What is known about the intersection pairing on H^{mid}? When we restrict to the torsion-free part of the cohomology of a manifold, the intersection pairing is nondegenerate.  In dimension 2n, this gives a bilinear form on the free part of Hn (symmetric if n is even, skew-symmetric of n is odd).  Supposedly, this classifies simply-connected 4-manifolds pretty well; more precisely, the map from homeomorphism classes of manifolds is at most 2-to-1, and whenever a bilinear form has two preimages, at least one of them isn't smooth.
Broadly, I'm wondering what else is known about this pairing.  (Of course, if anything I've said so far is wrong, please correct me!)  For example, can we obtain the bilinear form associated to a connected-sum (or a product, or whatever other natural ways we can get manifolds) in some nice way?  It seems like in the connected-sum case, Mayer-Vietoris should tell us something -- I'd imagine the isomorphism it gives (when n>1) between Hn(connected-sum)=Hn(M1)+H(M2) is probably natural, but I don't know if we can tell anything about the cohomology ring structure from it.  As for the product of manifolds, I'm pretty sure that the Kunneth formula gives an isomorphism of algebras, so that should take care of it unless I'm missing something...  Also, is this at all related to the Kirby-Siebemann invariant?  (All I really know is that it's related to smoothness/smoothability, but perhaps, for example, we can somehow read off the possible values of the K-S invariant from the bilinear form?)
 A: I think you are right about Mayer-Vietoris. It gives the isomorphism $H_n(sum)=H_n(M_1)\oplus H_n(M_2)$ and since homology classes can be represented by surfaces that don't hit "gluing disk" we get that the intersection form of the sum $Q=Q_1\oplus Q_2$.
If a manifold admits a smooth (or even PL) structure then KS vanishes. 
In dimension 4:
I think that K-S invariant is independent of the intersection form if it is odd. If the form is odd then there're two homeomorphism types of manifolds (Freedman) that are distinguished by the $KS(M)\in H^4(M,\mathbb Z_2)$. 
If the form is even then KS(M)=(1/8)signature mod 2. 
A: Not an answer to your question, but I just want to stress that, whilst the intersection form does more-or-less classify simply-connected topological 4-manifolds, it is far from the whole story in the smooth category. There are many examples of simply-connected topological 4-manifolds which admit infinitely many different smooth structures. (This is the only dimension in which this occurs.)

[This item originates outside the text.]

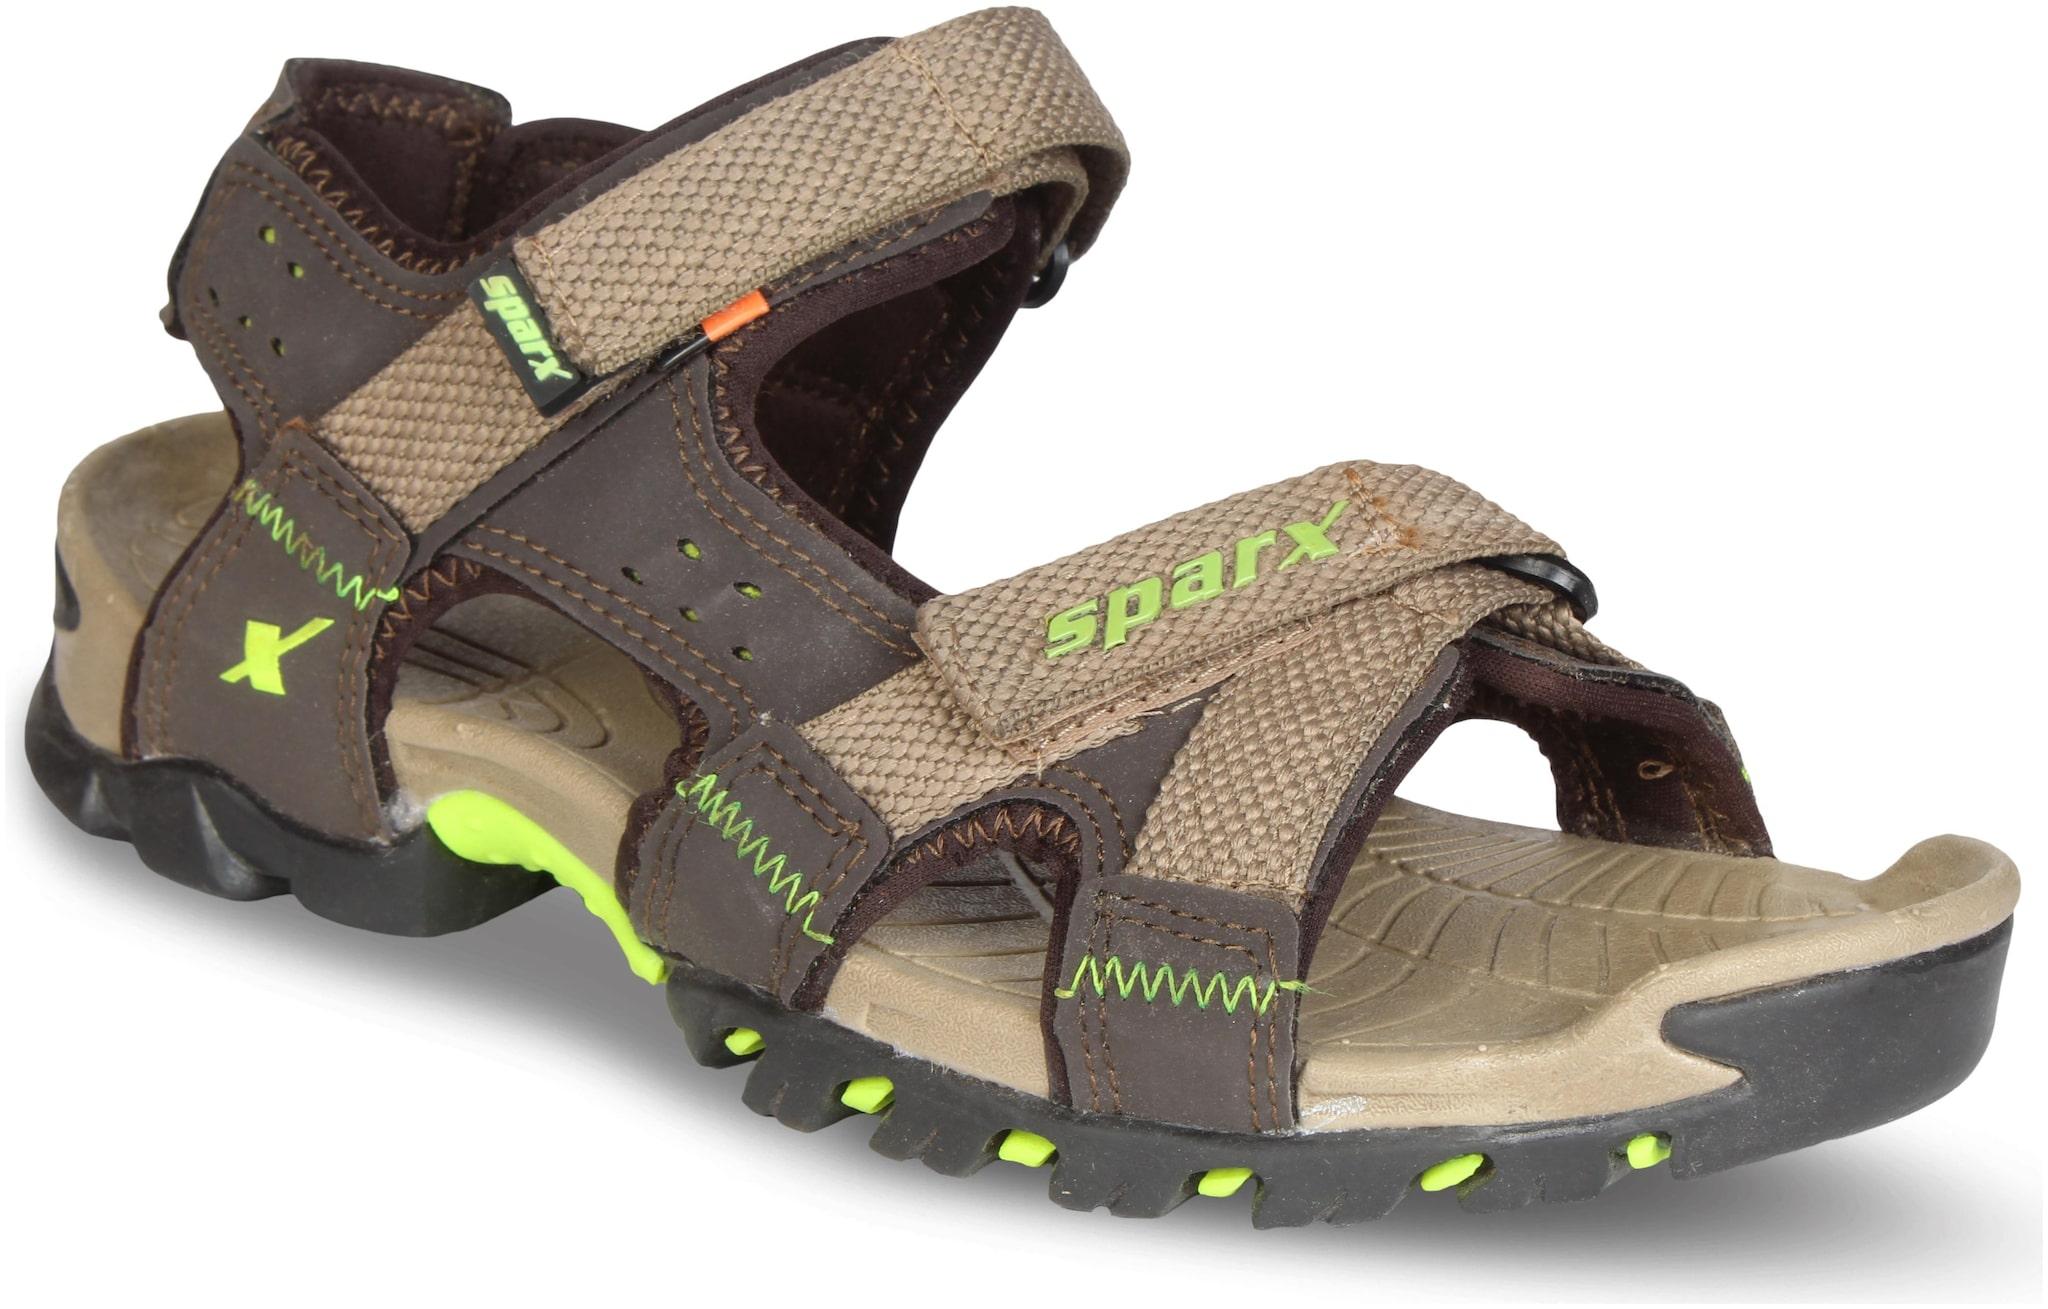 94c0b9dcdf Men's Sandals & Floaters - Buy Gents Sandals & Floaters Online at ...

These different smooth structures are usually detected via Donaldson or Seiberg-Witten invariants. These invariants also enter in the connected sum discussion. Given a connect-sum of topological 4-manifolds X=M#N, as others have said, the intersection forms add: Q(X)= Q(M)+Q(N). Freedman's work on 4-manifolds tells us that there is essentially a converse to this in the topological category: roughly, if a simply-connected topological 4-manifold X has intersection form which can be written as Q(M)+Q(N) for simply-connected 4-manifolds M,N then in fact there is connected sum decomposition X=M#N. 
On the other hand, one can show that for many smooth 4-manifolds M,N the, say, Seiberg-Witten invariants of M#N must vanish. Meanwhile, there are many X for which we know that the invariants are non-zero (e.g., symplectic 4-manifolds thanks to the work of Taubes). This means that there are many examples of smooth 4-manifolds which can be written topologically as a connected sum - by Freedman's work - but not smoothly because the SW invariant is non-zero.
A: The bilinear form associated to a connected sum should be the direct sum of the two pairings, yes. Intuitively, classes in M do not intersect classes in N, so they are orthogonal with respect to the pairing.
A: Just to partly answer your question. For a simply connected closed $4$-manifold the intersection pairing Q in cohomology determines the ring structure. And even if there is torsion in $H_2(M;\mathbb{Z})$, by the universal coefficient theorem or otherwise $H^2(M;\mathbb{Z})$ is free. By Poincare duality $H^3(M;\mathbb{Z})=0$. Therefore, knowing $Q$ is knowing $H^\ast(M;\mathbb{Z})$. And as all the previous answers pointed out (and you yourself) for a connected sum of $M_1$ and $M_2$ the $H^2$ adds up and the ring structure is determined by $Q_1\oplus Q_2$.